This article initially appeared in the Guardian in July 2018.
‘Give a homeless person a camera and they will see the city in a different way’
“You’re worth nothing,” Colin’s stepfather used to tell him as a child. Even now, sleeping rough on the streets of Manchester, the words haunt him; as a child he started believing it himself, and is still racked with self-doubt.
It’s easier not to think what demons might be plaguing a person sleeping rough. Much simpler to keep walking, pass them by: out of sight, out of mind. It’s the natural response, says Alex Greenhalgh, co-founder of social enterprise People of the Streets.
“The norm is being ignored or sidelined,” he says. “Or pitied with an awkward smile. It’s a totally isolating experience.”
The one perspective nobody ever sees, says Greenhalgh, is the one that really matters: that of the person in the doorway, the man or woman inside the sleeping bag, and the world as they see it looking out.
So Greenhalgh, 22, has come straight out of university and created Stories of the Streets – part fundraiser, part social art project – to turn the tables. Working with local homeless charities and support networks, first in Nottingham, where he was studying, and most recently in Manchester, the project puts disposable cameras into the hands of people sleeping rough and encourages them to capture the world as they see it. The pictures are then developed, framed, and put on sale in a public exhibition, with a share of the proceeds going to the street photographer.

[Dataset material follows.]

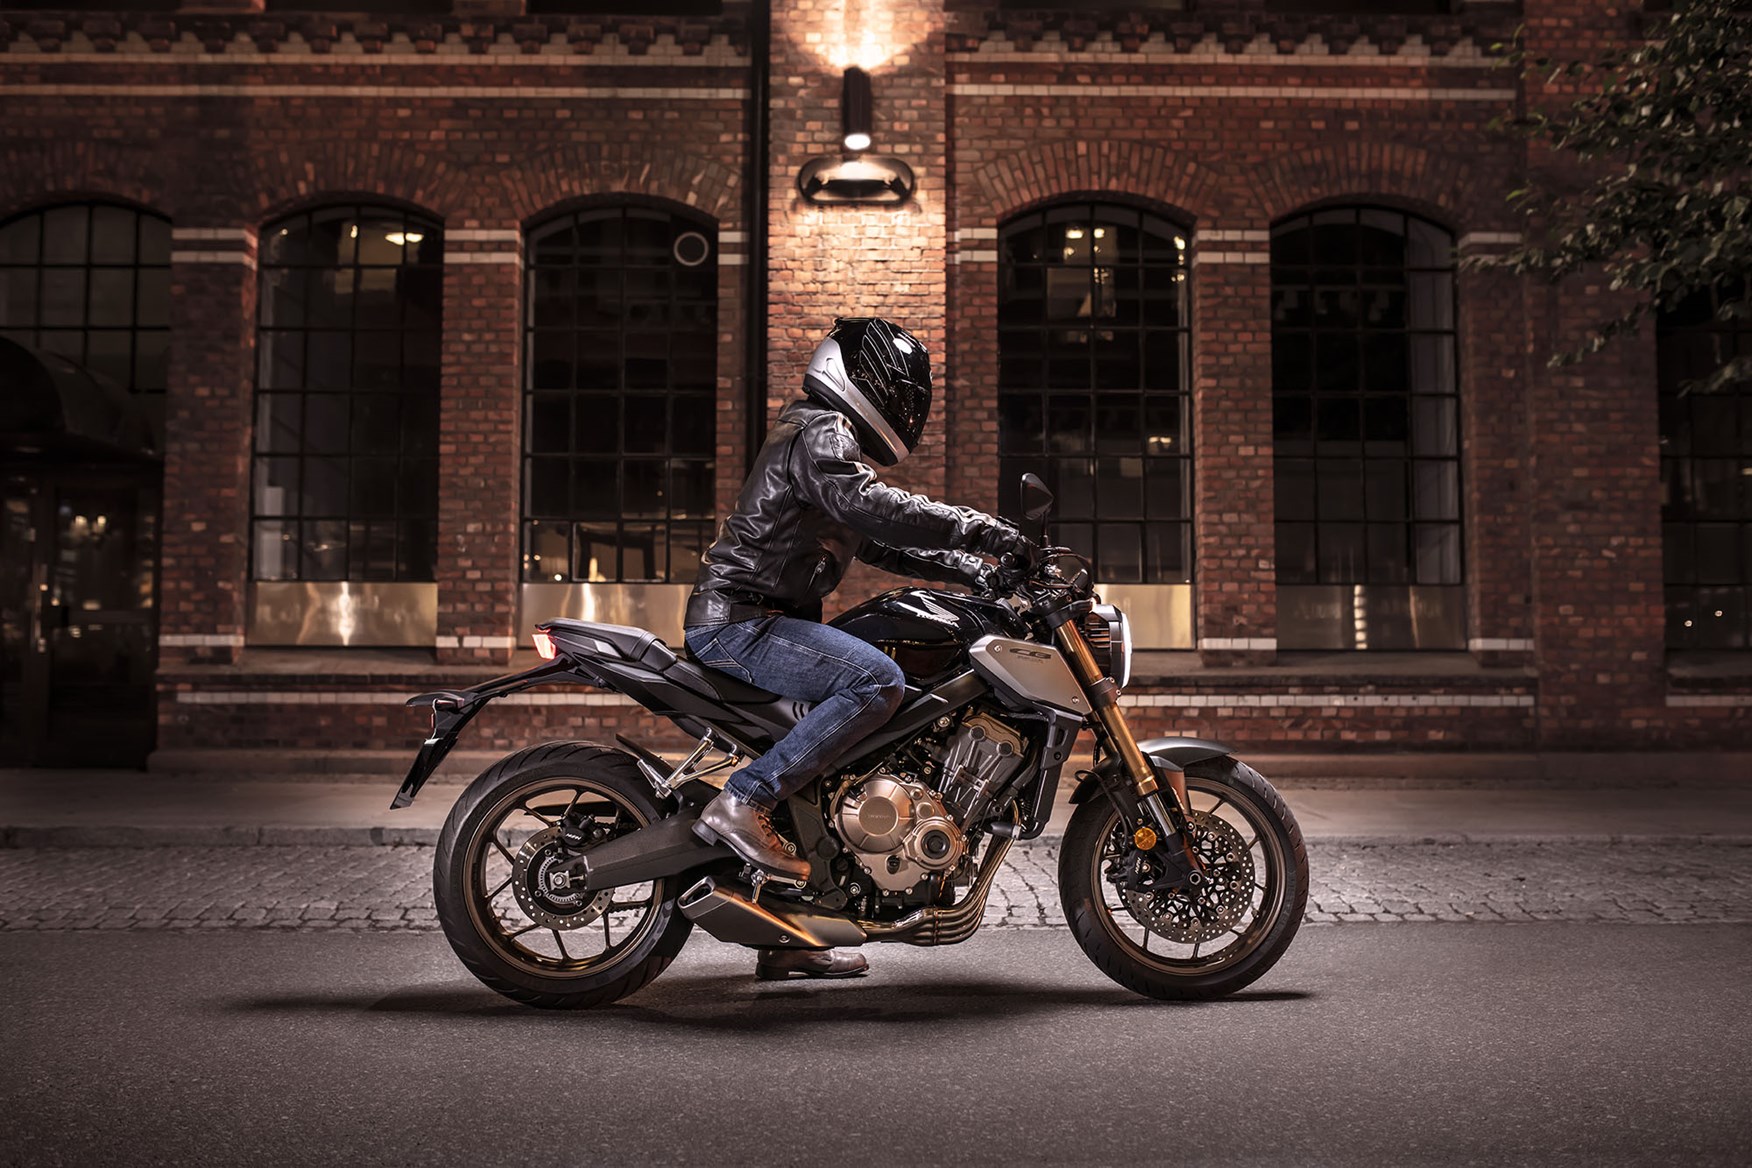 2019 Honda CB650R Price Released in UK - Motorcycle news, Motorcycle ...

The latest photos went on display last week, in the Manchester Arndale shopping centre. They range from some of Manchester’s most iconic buildings to abstractions of detail: a pair of shoes, a lighter, cracks of light through blinds in some unknown darkened room.
Altering the perceptions of average citizens is fundamental to the problem of homelessness. We want to change minds
This isn’t a rescue operation, nor does it put a roof over someone’s head but one of the photographers, Omar Itani, 23, who has been in and out of sheltered accommodation and been forced to sleep rough, says that the project has real power.
“If you give a homeless person a camera they will look at the city around them in a different way,” he says. “It freezes time for a second. People don’t understand the power of photography. It makes you stop and think; there’s a whole city around you, what are you doing there?”
It’s taken a huge amount of work, thought and ethical balancing to get to this point, says Greenhalgh, whose degree in industrial economics wasn’t much preparation for a third sector enterprise. “We had to work out how to get the money to people without just handing over cash directly,” he says. “Eventually we worked out the best way was to do ‘deals’ with shelters and charities like Emmanuel House in Nottingham, and Barnabus and Big Issue North in Manchester.”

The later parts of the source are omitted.